Why can’t I just relax and let the play happen?! Why must I be so in control of it all the time?!

My girlfriend has been posting all this stuff on Insta, like she’s trying to start an educational mom blog there, and she talks a lot about letting go and letting experiences happen. I admire that. I want to be like that. I can’t quite get there yet. A lot of my PPD was wrapped up in the idea of control, that I needed to be in control all the time, if I lost control of the situation, of the kids, everything would fall apart on me. With my hubby being gone so much of the time, I always needed to be in control, I always needed to be on.
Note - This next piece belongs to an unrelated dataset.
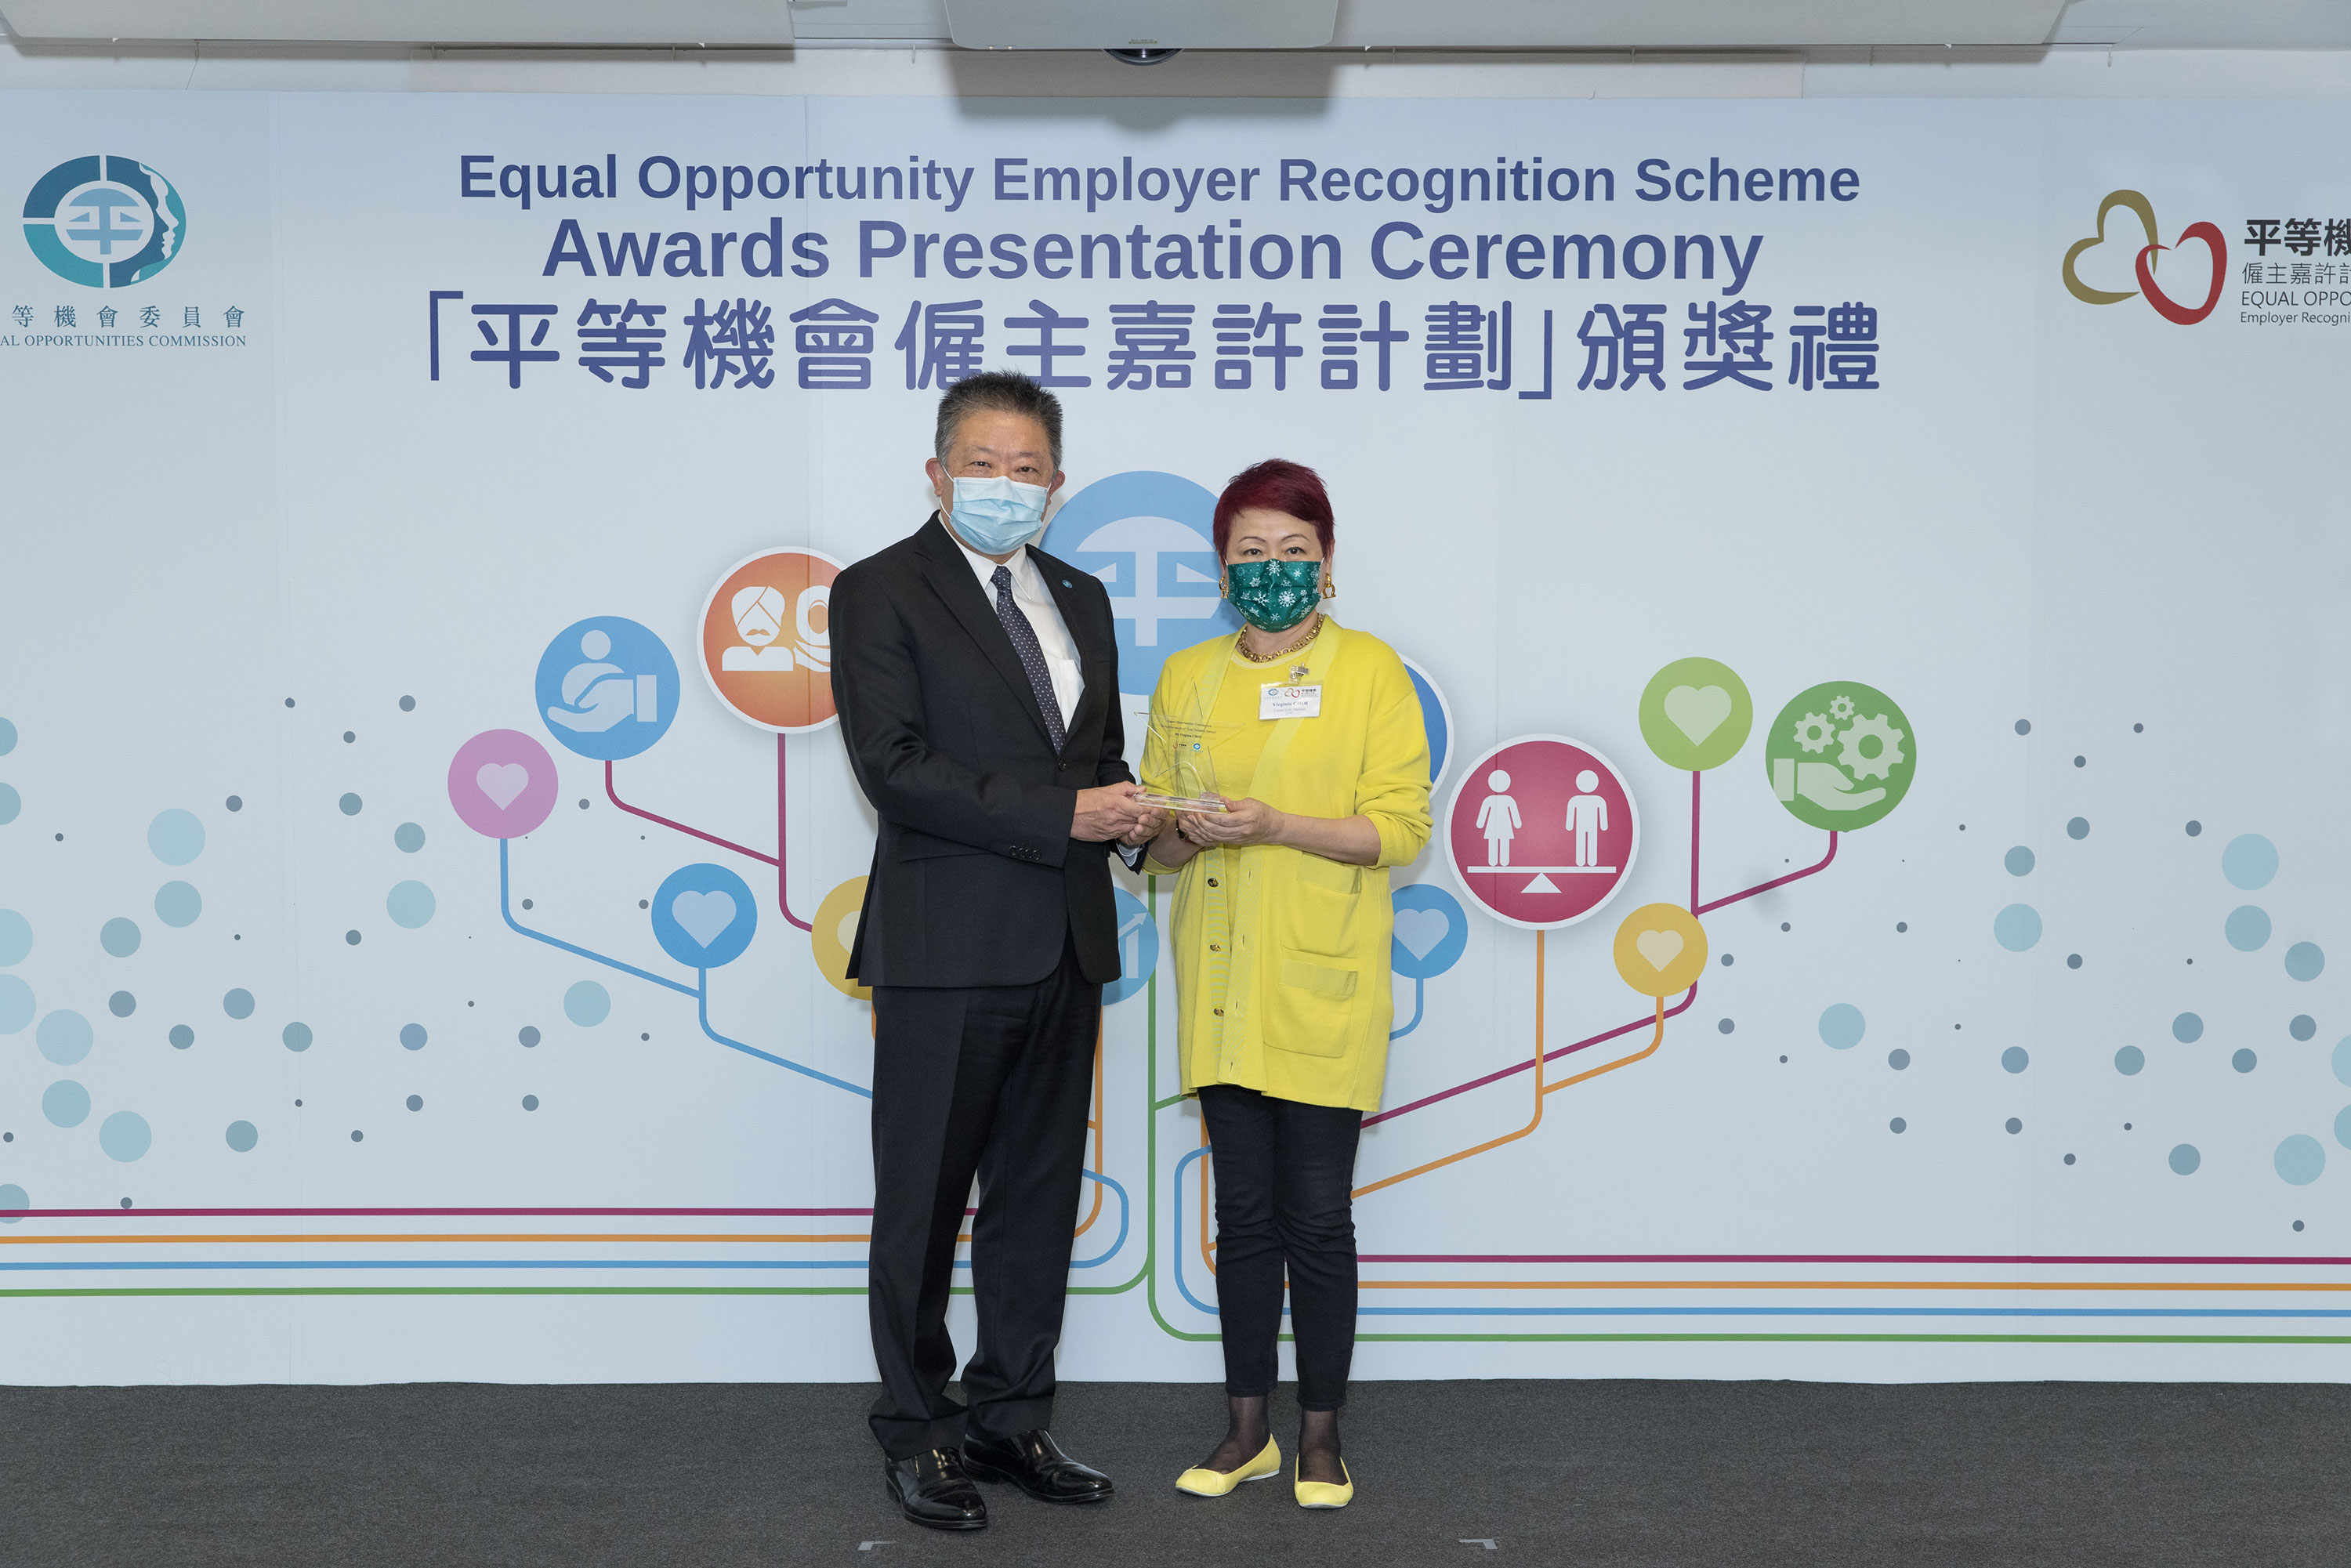 Mr Ricky CHU Man-kin, IDS, Chairperson of the Equal Opportunities Commission (left) presents souvenir to former EOC Member Ms Virginia CHOI Wai Kam, JP (right), who served as member of the assessment panel of the Equal Opportunity Employer Recognition Scheme.

If I let go, things would spiral and I would never be able to get things under control again.
This obviously is not what would happen, but in my mind, I needed to be on top of everything always. So now, part of what I’m trying to do is let go. Not control everything. The outcome is what it is.

It’s an especially hard pill to swallow, because I used to BE that mom. The one that let messes happen, the one that made ooblek and did science experiments, and just let it be. I remember sitting with some moms at out local Parent Link, silently judging them because they all agreed that they hated playdoh, that it was something that could be done at daycare, they hated it because it got everywhere and then they were forever cleaning it. And all I could think was Playdoh? Really? That’s where you draw your line? THAT’S too messy? They’d hate my house!

And now I hate my house 🤣 That’s a little extreme, but it is what it is. I hate that I’m not fun anymore, that I can’t let play happen. Let mess happen. They’re only little once, mess can be cleaned, blah blah blah. This is why this morning I decided I needed to let it happen.

Fuck me, it’s hard work. It feels like exposure therapy, and I’m ignoring the mess and the fighting and the crying and the eating by blogging and deep breathing. Makes sense, right?! If I can’t see it, I can’t stress about it 🤣

While I typed, the play calmed down. G. found a pot and started to ‘cook’ with the powder. L. started to just scoop it on to his body. I could see what was starting to form.

And then L. grabbed the towel I placed underneath to help with clean up (baby steps haha) and dragged the powder all over the kitchen and living room. Cue the deep breathing, pull out the vacuum. We’re getting there.